【紅葉撮影の超実践!!】紅葉を見かけたらコレを思い出すべし! 4つの実例でポイントをマルッと解説

2017年の紅葉シーズンがやってきた。今年こそ、一眼カメラできれいな紅葉を撮ろうではないか! ここまで、紅葉撮影に必要な機材とカメラ設定、そして最適な天候&光、露出の選択を紹介してきた。最後は4つの実例を見ながら、ここまで学んできたことをトータル的に解説する。

↑「これで万全! 風景写真家が教える、紅葉を鮮やかに撮る方法-機材&カメラ設定編-」、「-天候&露出編-」はコチラ

 

【実践1】

紅葉を前景に取り入れて、彩りと奥行きを出す

↑焦点距離26ミリ 絞り優先オート(F16 1/40秒) ISO200 WB:晴天↑焦点距離26ミリ 絞り優先オート(F16 1/40秒) ISO200 WB:晴天

 

形のよい山容を生かしつつ、ナナカマドを入れて秋の湖水風景として撮影した。赤く色づいたナナカマドを前景に捉えることで、紅葉の彩りが強くなるだけでなく、風景としての奥行きや広がりが生まれる。

 

このように広角レンズで広い風景を撮影するときは、手前のモチーフに近づくことが重要だ。モチーフに近づいて大きく見せると、画面に核となるポイントを作ることができ、作品の存在感が増す。この場所でナナカマドを入れずに撮影すると、下の写真のように平面的、かつ単調な写真になってしまう。

↑山と紅葉をシンメトリー構図で捉えたが、平面的で単調な印象である。シンメトリーが生きるほどの造形美はなく、何かポイントになるものが欲しい↑山と紅葉をシンメトリー構図で捉えたが、平面的で単調な印象である。シンメトリーが生きるほどの造形美はなく、何かポイントになるものがほしい

 

さらに、このとき山のピークを画面の右に配置し、ナナカマドを左側に見せることで、画面内でモチーフが片寄らないようにフレーミングしている。

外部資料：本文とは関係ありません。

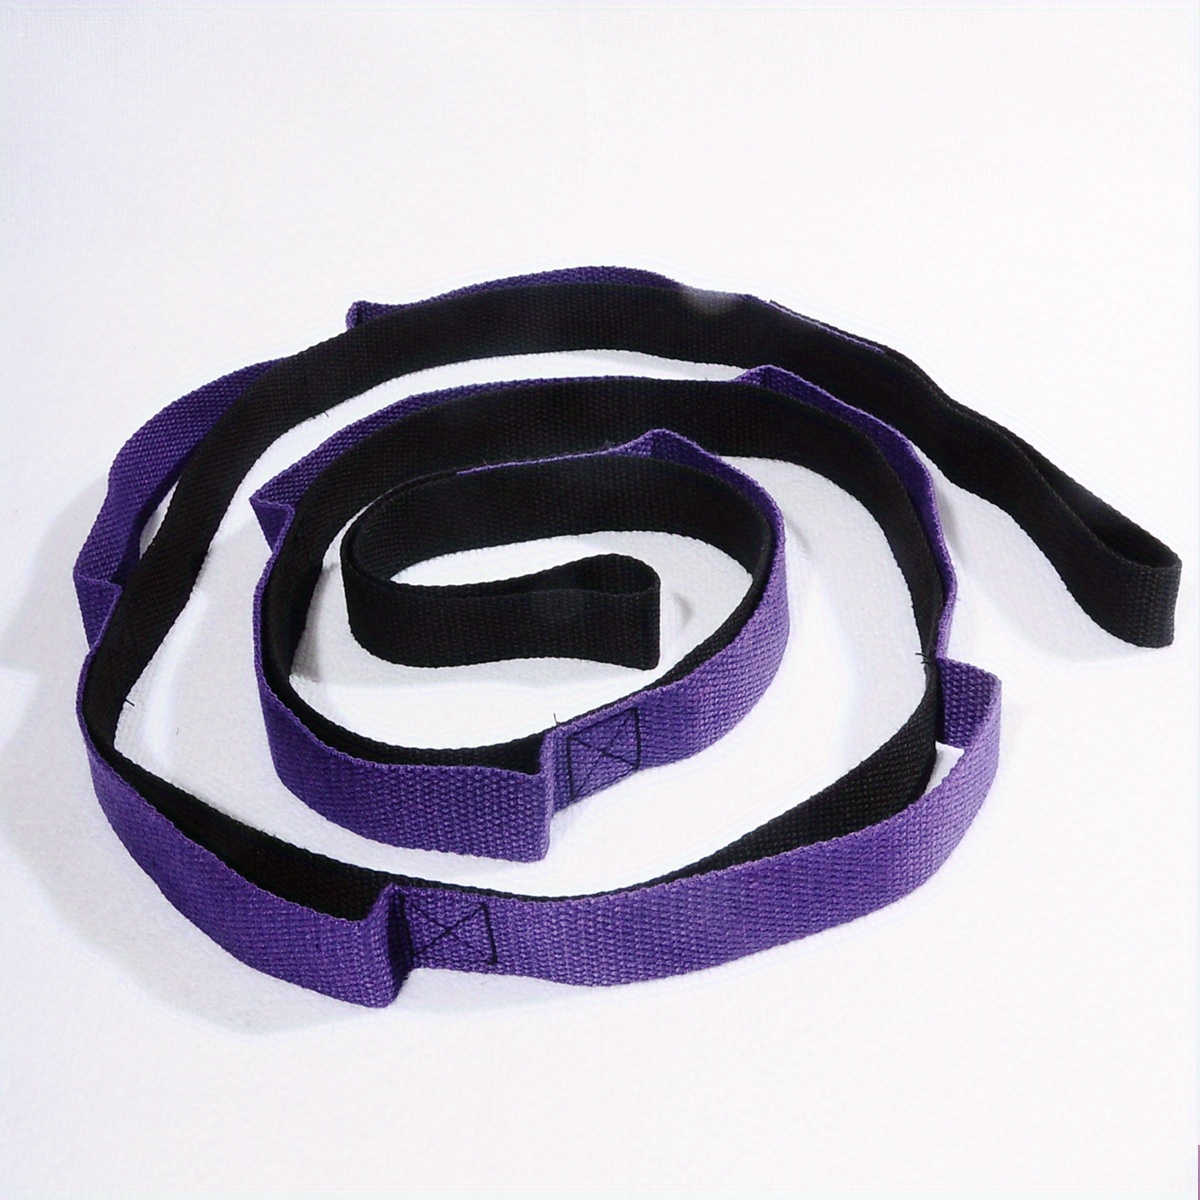 SJJEBSK Stretching Strap Yoga for Physical Black, purple, pink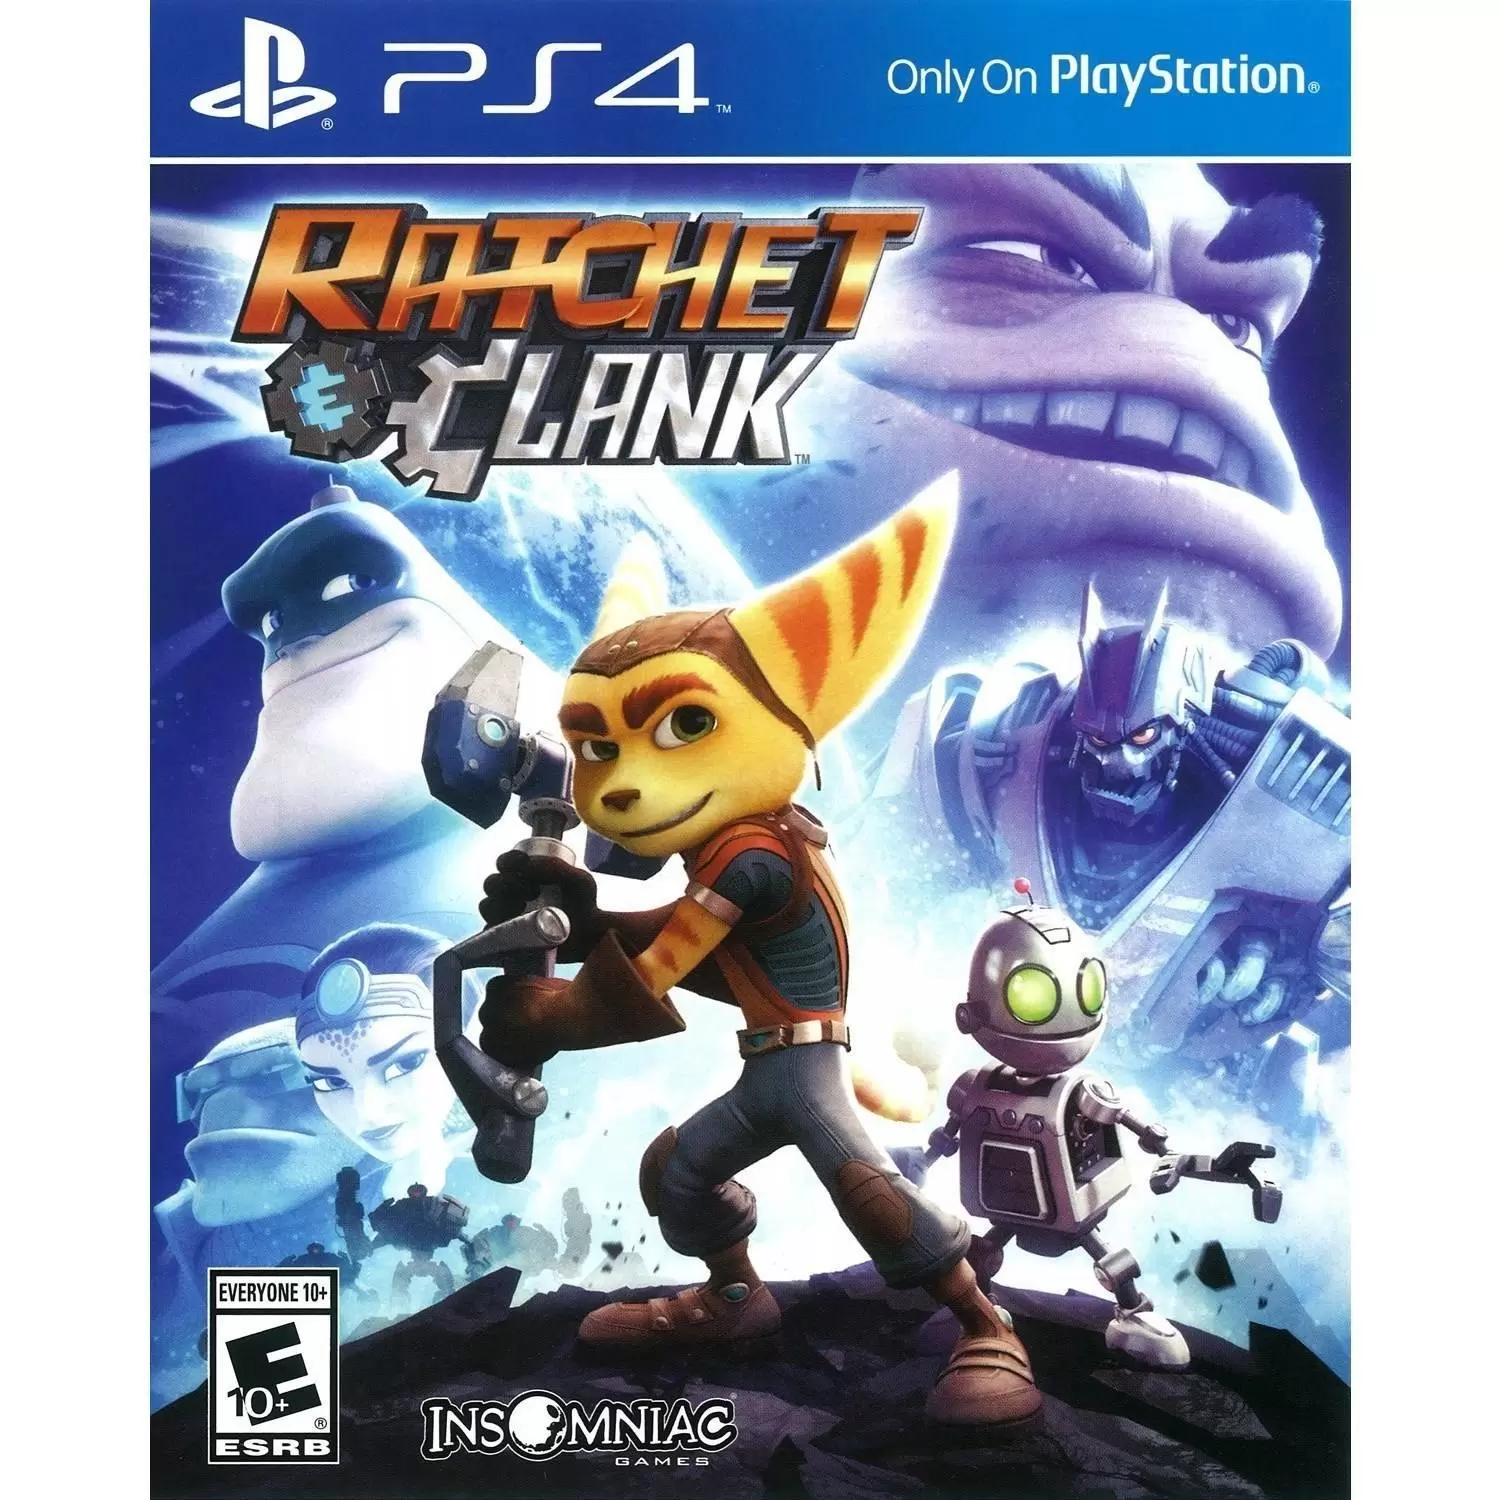 PS4 Games - Ratchet & Clank

山とナナカマドが左右にバランスよく見えるポジション選びも欠かせない。

 

もし水面を生かしてシンメトリー構図を作りたいなら、広角ではなく望遠レンズで切り取るといい。広角で広く撮ると、木々のひとつひとつが小さくなって平面的になりがちだが、望遠なら映り込んだ木々の造形美を生かせる。

 

【実践2】

ホワイトバランス「曇天」とプラス1補正で、明るく鮮やかな紅葉写真に

↑焦点距離20ミリ 絞り優先オート(F8 1/2.5秒) プラス1補正 ISO200 WB:曇天↑焦点距離20ミリ 絞り優先オート(F8 1/2.5秒) プラス1補正 ISO200 WB:曇天

 

紅葉の色を狙いどおりに引き出すには、ホワイトバランス(WB)の設定が重要だ。紅葉撮影では、WB「オート」にすると色が濁ったり、色味が片寄ったりするので注意したい。WB「太陽光(晴天)」にすることで、紅葉の自然な色味を引き出せる。

 

ただし、「太陽光」モードは現場の光を反映させられる設定がゆえに、曇天や雨天時には青みがかって、紅葉の色が弱くなってしまうことがある。それが曇天や雨天らしさとなればよいのだが、紅葉の色をストレートに引き出したいときには不向きである。ここでは、曇天や雨天時に紅葉の暖かみのある色を生かすために、「曇天」モードにして撮影した。

 

さらに、曇り空を背景に見上げて紅葉を撮影しているので、明るい曇り空の影響によって露出がアンダーにならないよう、プラス1補正している。また、薄暗い森のなかでシャッター速度が遅くなると判断し、三脚を使用。これらの設定と準備によって、曇天だったがシャープかつ、華やかな黄葉の色彩を捉えることができた。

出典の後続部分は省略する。